The Config object can then be passed to the load_data_config method:

data.load_data_config(config.core)

[INFO] - data - load_data_config(327) - Loading data from configuration

[INFO] - readers - load_to_dataarray(266) - Loading variables from file ../../data/xy_dim.nc: air_temperature

[INFO] - data - __setitem__(237) - Replacing data array for 'air_temperature'

data

Data: ['air_temperature']

Data output#

The entire contents of the Data object can be output using the save_to_zarr() method:

data.save_to_zarr(output_file_path=output_file_path)

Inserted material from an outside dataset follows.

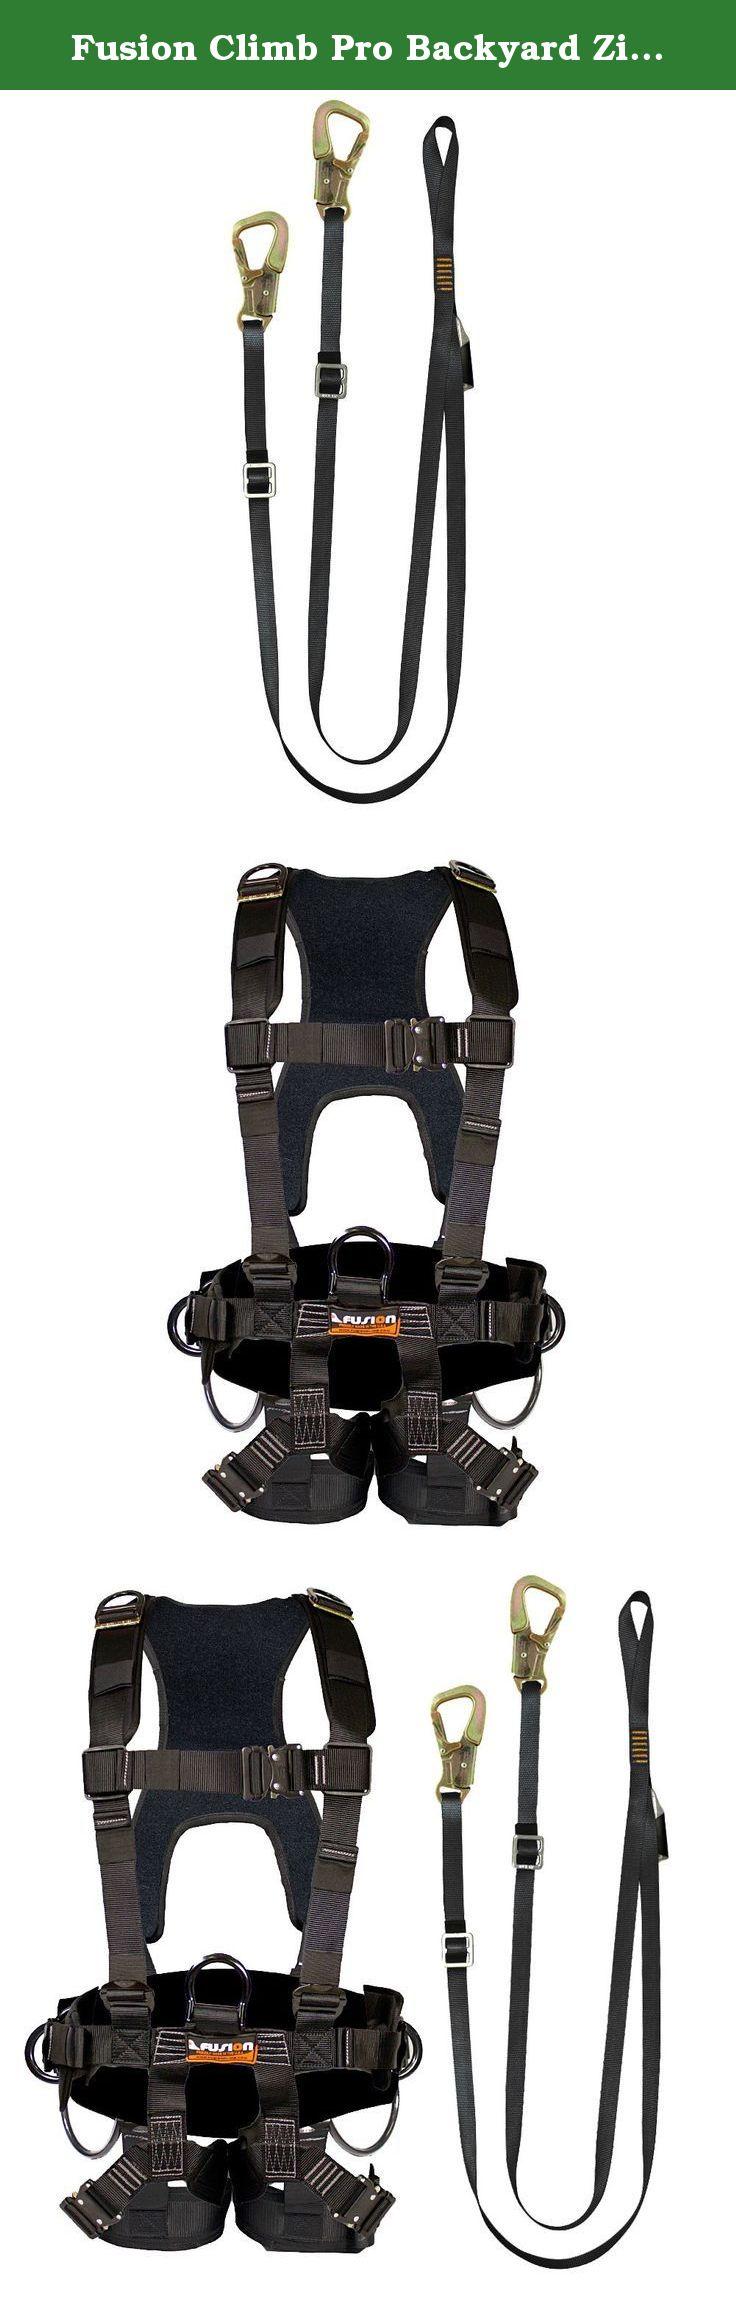 fusion climb pro backyard zip fk a hl 12 line kit harness lanyard

You can reduce the size of the output data by only saving specific variables:

variables_to_save = ["variable_a", "variable_b"]
data.save_to_zarr(
    output_file_path=output_file_path,
    variables_to_save=variables_to_save
)

In practise, when a simulation is running, the science models only write the current value of variables to the Data object. The main model code uses the save_current_state_to_zarr() method to build up a complete data store by appending variables at each time step.